EXERCISE OBJECTIVE:
With the exception of the pictures, transcribe the entire listing exactly.

THE DATA:
┌──

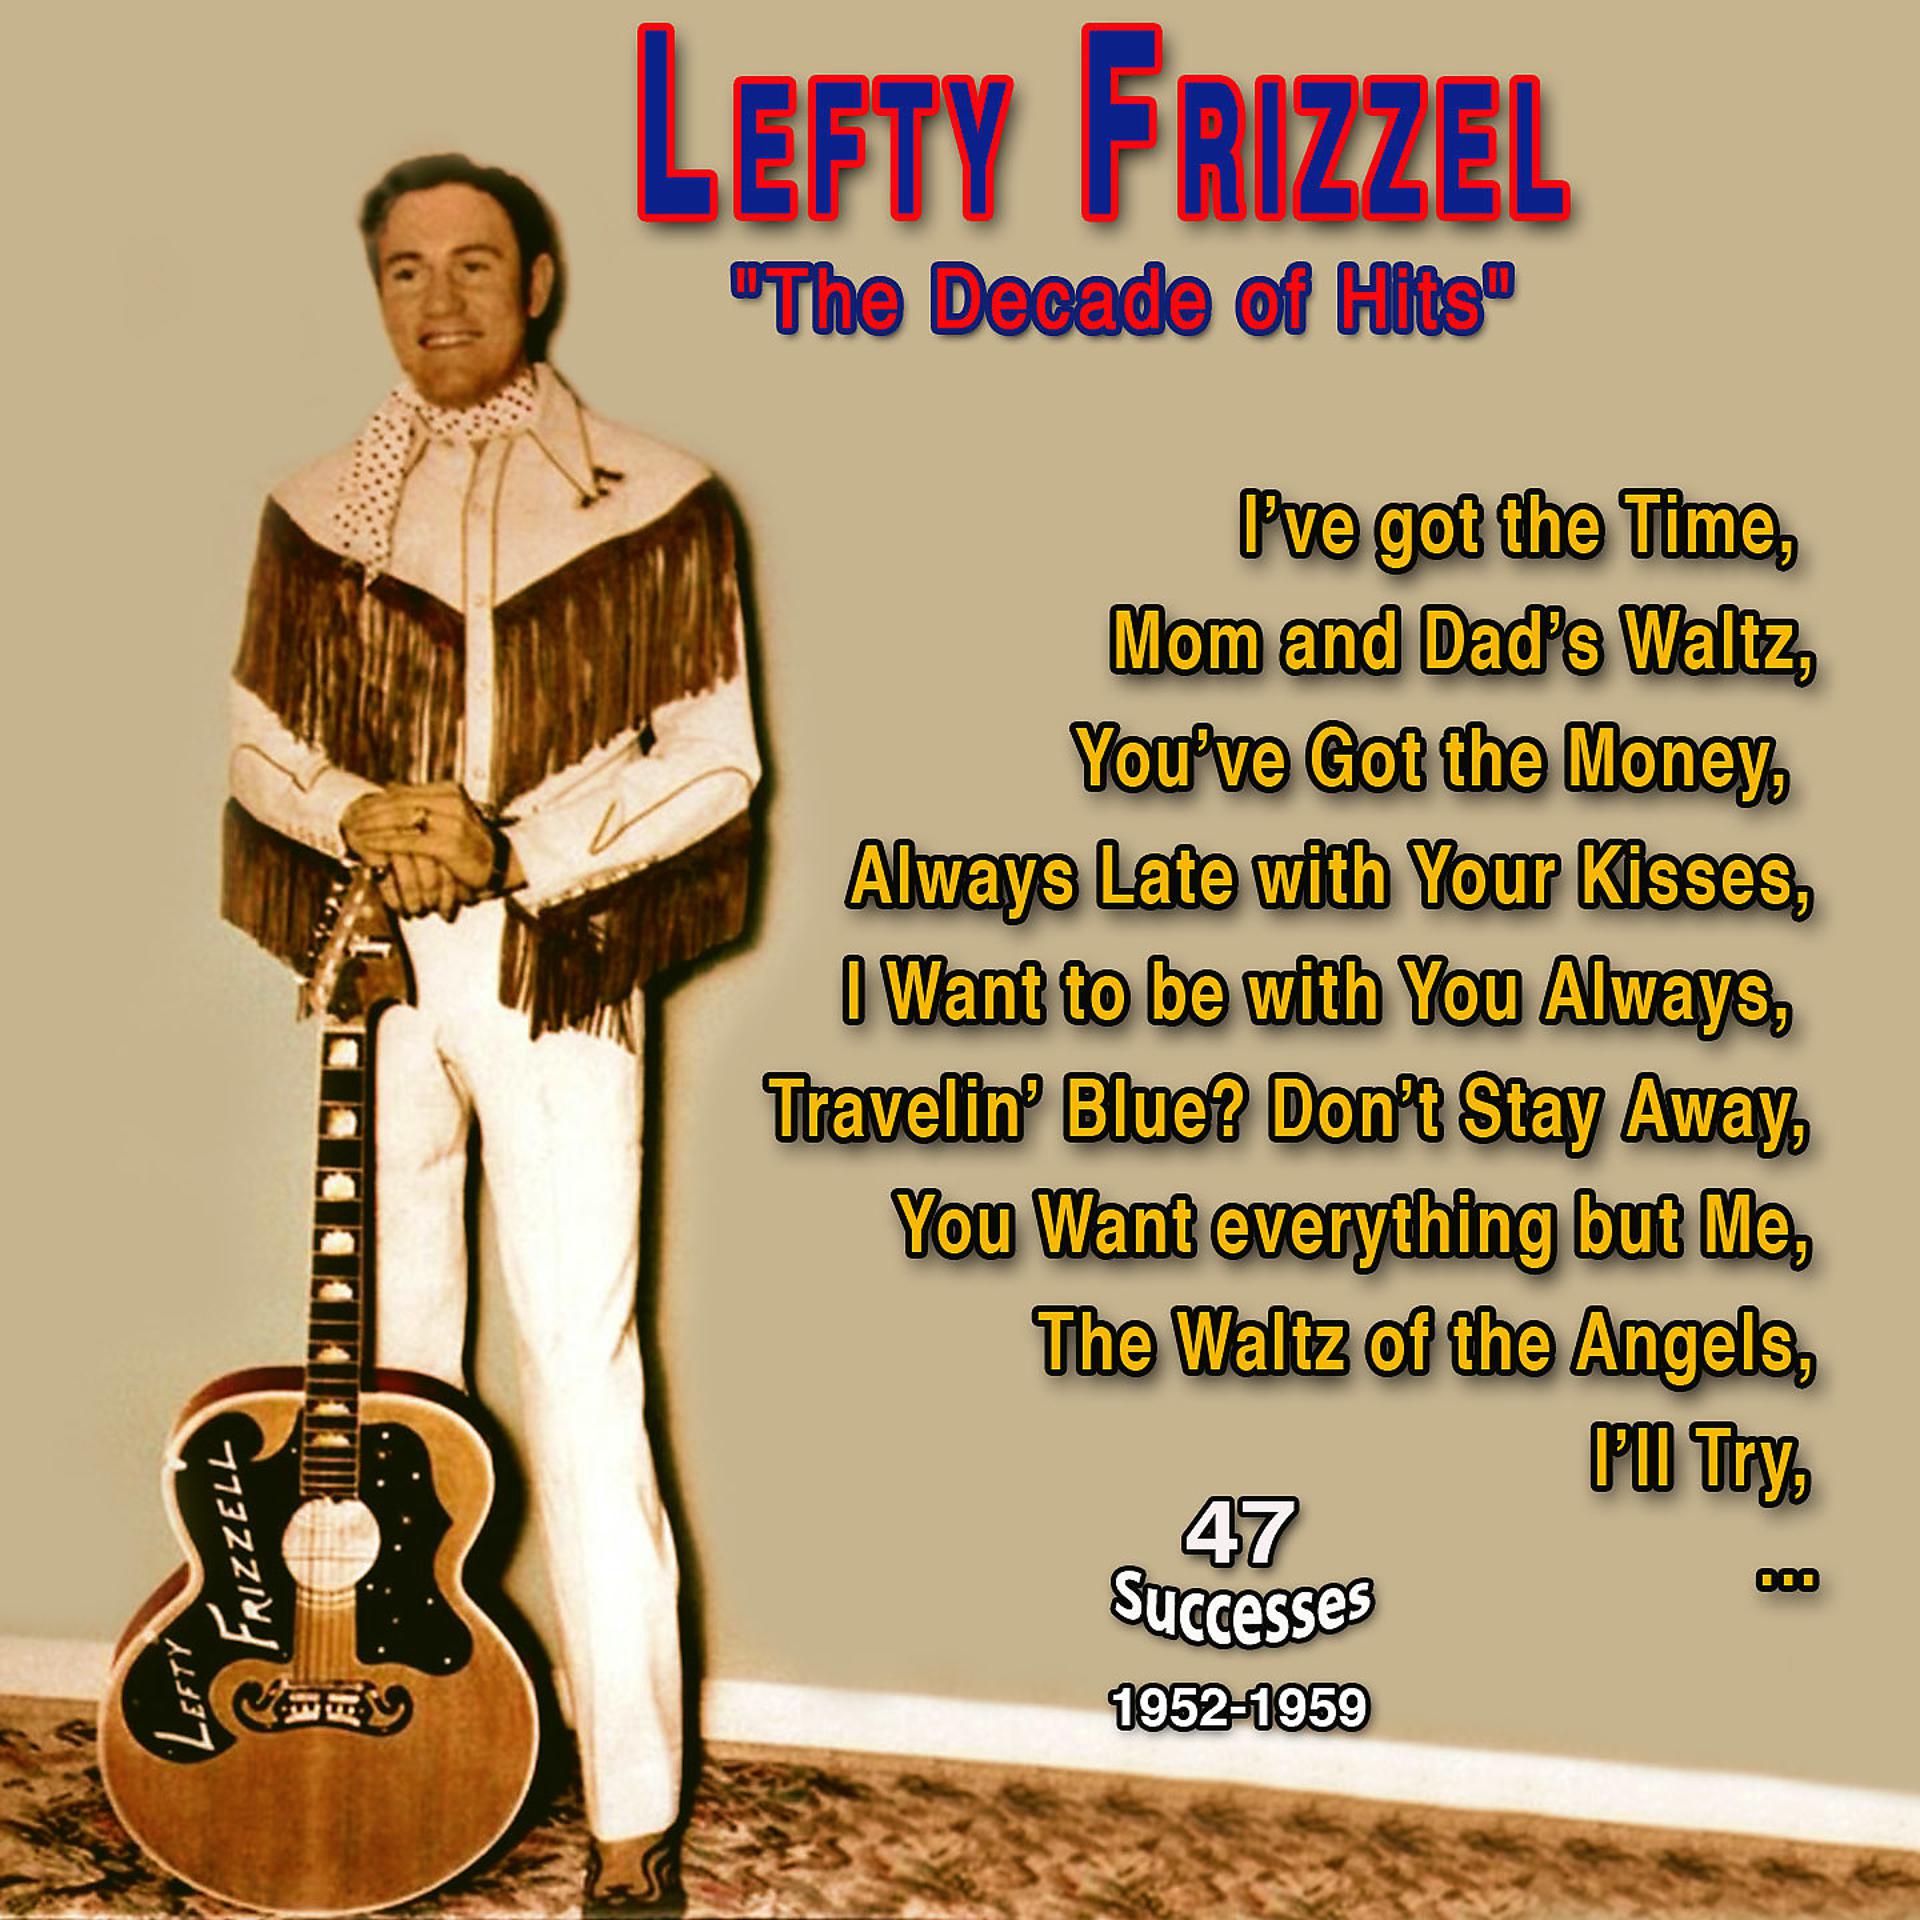 Постер альбома "The Decade of Hits" Lefty Frizzel
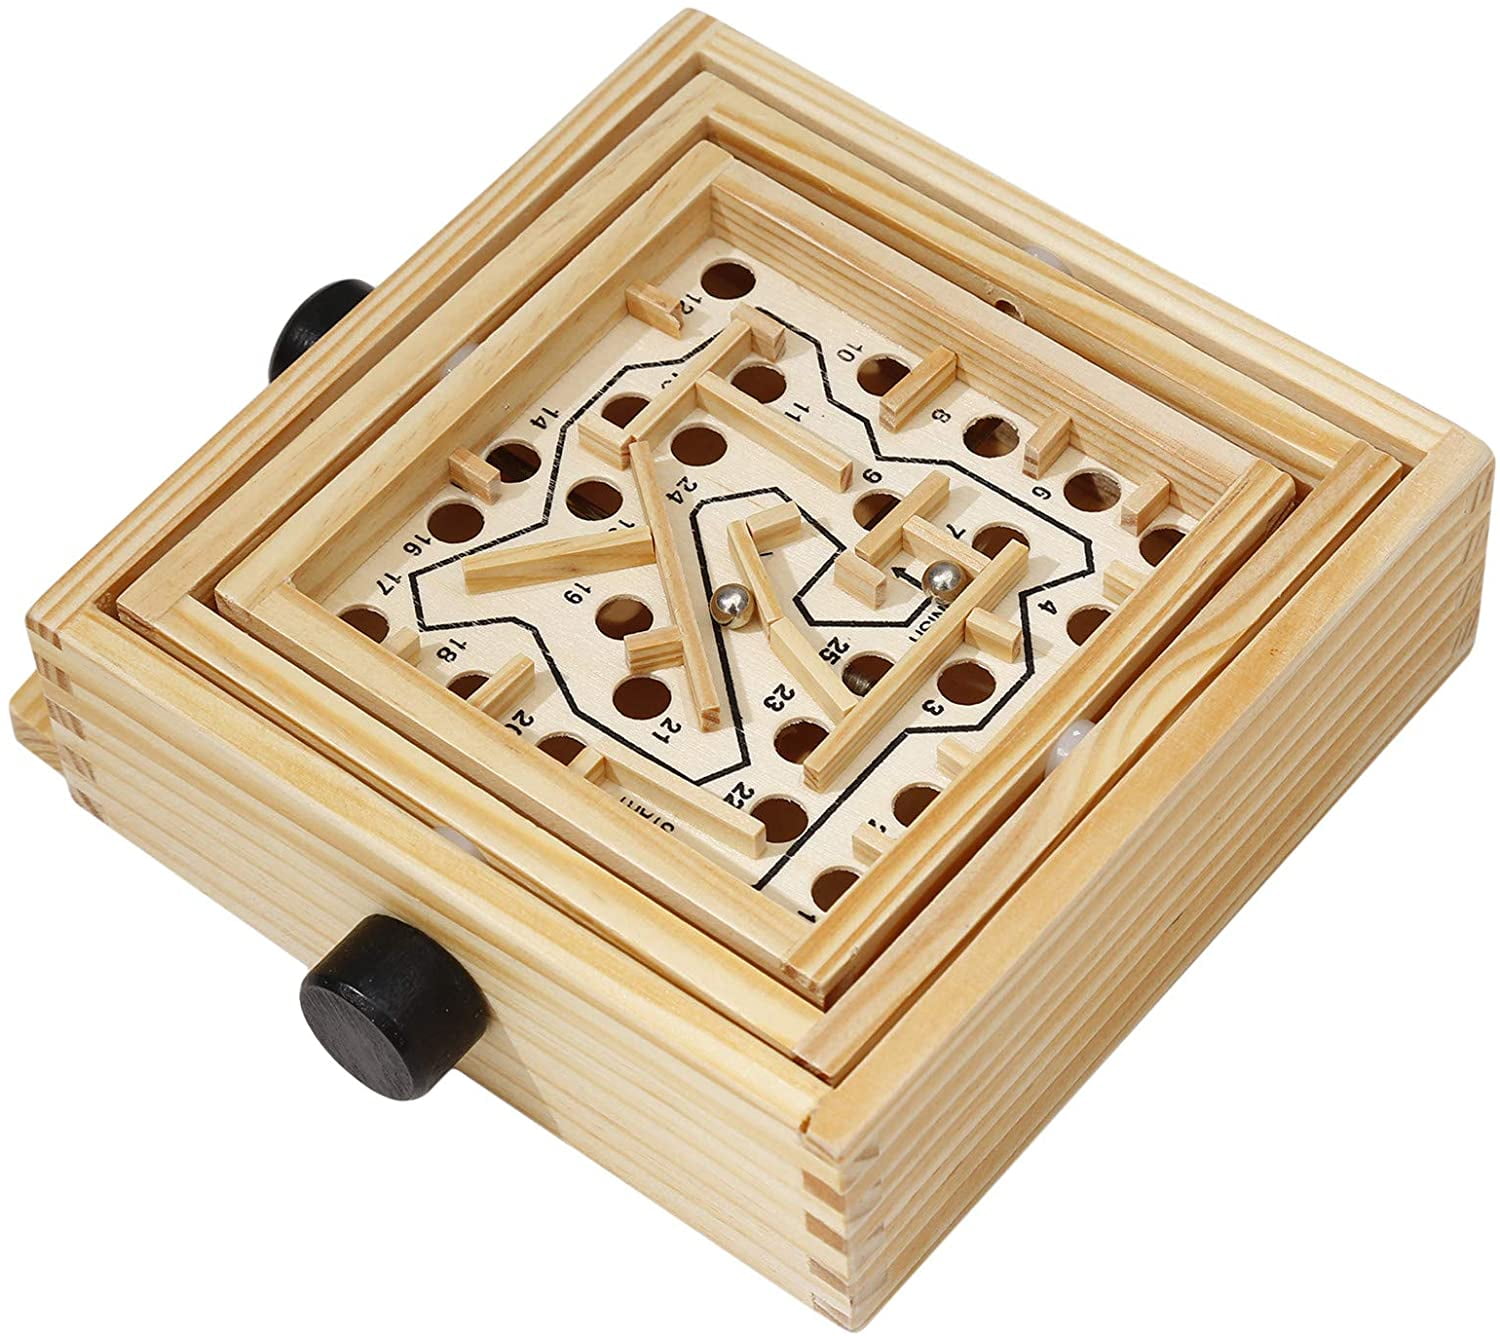 Balance Board Game Toy Wooden Labyrinth Maze Game Aged 6 Years old R 
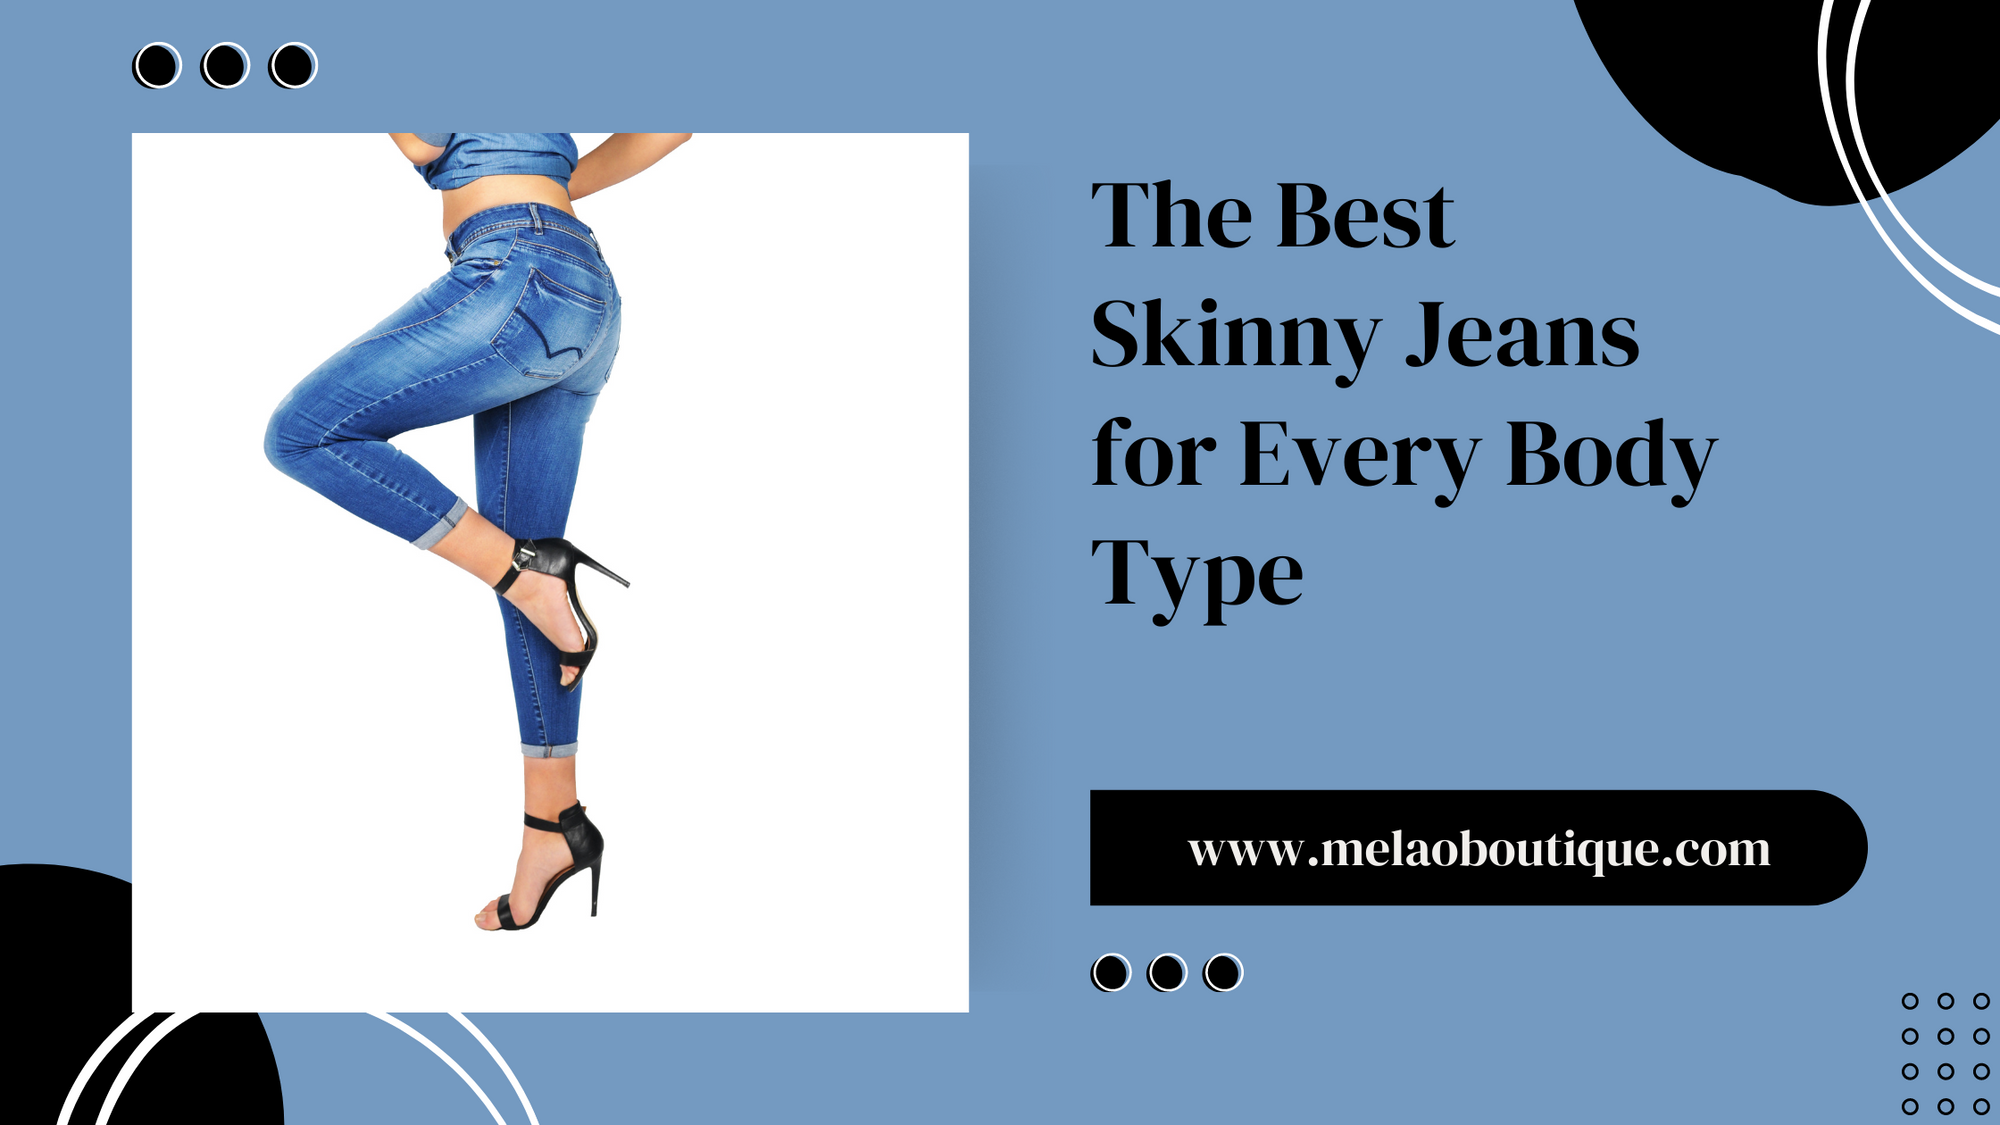 The Best Skinny Jeans for Every Body Type

└──

WORKED SOLUTION:
 Постер альбома "The Decade of Hits" Lefty Frizzel
 Balance Board Game Toy Wooden Labyrinth Maze Game Aged 6 Years old R 
 The Best Skinny Jeans for Every Body Type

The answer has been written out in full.